The data Start Marker
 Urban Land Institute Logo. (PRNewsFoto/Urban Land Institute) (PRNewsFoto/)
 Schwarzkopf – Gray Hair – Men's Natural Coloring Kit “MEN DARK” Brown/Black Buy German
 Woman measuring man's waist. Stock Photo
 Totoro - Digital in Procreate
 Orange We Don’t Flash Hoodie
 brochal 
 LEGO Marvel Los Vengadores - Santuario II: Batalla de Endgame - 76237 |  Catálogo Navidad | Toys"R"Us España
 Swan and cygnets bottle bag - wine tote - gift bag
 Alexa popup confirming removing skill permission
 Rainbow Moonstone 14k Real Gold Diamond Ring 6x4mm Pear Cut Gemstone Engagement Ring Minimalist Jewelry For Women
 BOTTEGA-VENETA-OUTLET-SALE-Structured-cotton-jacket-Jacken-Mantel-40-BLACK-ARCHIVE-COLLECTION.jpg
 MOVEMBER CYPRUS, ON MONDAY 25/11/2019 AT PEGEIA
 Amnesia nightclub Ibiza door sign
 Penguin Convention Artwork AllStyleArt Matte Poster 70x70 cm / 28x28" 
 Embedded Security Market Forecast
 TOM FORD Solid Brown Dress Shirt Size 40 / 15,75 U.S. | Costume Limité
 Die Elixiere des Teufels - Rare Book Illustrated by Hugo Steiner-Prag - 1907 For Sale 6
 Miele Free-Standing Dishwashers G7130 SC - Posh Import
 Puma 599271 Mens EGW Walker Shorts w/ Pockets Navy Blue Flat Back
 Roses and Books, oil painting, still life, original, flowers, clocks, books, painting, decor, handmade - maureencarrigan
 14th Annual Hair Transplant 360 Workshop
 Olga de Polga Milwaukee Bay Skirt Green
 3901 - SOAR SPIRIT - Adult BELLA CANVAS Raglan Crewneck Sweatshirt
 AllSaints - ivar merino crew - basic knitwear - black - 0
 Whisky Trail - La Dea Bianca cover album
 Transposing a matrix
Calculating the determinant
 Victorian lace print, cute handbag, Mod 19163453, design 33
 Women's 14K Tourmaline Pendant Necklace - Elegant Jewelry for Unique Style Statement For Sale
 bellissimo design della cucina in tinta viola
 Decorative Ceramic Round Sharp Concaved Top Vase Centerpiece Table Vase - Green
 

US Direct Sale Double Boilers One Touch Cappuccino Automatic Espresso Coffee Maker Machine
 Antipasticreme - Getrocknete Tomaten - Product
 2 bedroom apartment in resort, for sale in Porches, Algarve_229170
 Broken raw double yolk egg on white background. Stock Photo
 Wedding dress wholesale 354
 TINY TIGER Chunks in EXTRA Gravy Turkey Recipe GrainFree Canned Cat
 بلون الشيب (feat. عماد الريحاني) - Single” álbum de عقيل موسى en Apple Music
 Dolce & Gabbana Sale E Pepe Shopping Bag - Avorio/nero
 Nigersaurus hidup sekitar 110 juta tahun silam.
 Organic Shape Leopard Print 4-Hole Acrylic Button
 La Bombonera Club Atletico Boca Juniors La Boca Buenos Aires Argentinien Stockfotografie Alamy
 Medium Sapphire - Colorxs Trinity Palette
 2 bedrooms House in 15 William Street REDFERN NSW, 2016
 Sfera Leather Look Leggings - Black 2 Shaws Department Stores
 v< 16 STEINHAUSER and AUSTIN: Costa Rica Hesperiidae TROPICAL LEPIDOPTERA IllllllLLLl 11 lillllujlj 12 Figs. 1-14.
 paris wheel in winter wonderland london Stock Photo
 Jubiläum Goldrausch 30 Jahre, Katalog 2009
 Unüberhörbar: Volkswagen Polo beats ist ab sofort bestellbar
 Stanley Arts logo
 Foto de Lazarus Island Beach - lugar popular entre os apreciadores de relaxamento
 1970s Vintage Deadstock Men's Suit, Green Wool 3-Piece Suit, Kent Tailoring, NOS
The data End Marker
§ What to work on:
Return exactly the lines above from the line that has "Schwarzkopf – Gray" through the line that has "Alexa popup confirming", inclusive, and nothing else.

§ Task result:
 Schwarzkopf – Gray Hair – Men's Natural Coloring Kit “MEN DARK” Brown/Black Buy German
 Woman measuring man's waist. Stock Photo
 Totoro - Digital in Procreate
 Orange We Don’t Flash Hoodie
 brochal 
 LEGO Marvel Los Vengadores - Santuario II: Batalla de Endgame - 76237 |  Catálogo Navidad | Toys"R"Us España
 Swan and cygnets bottle bag - wine tote - gift bag
 Alexa popup confirming removing skill permission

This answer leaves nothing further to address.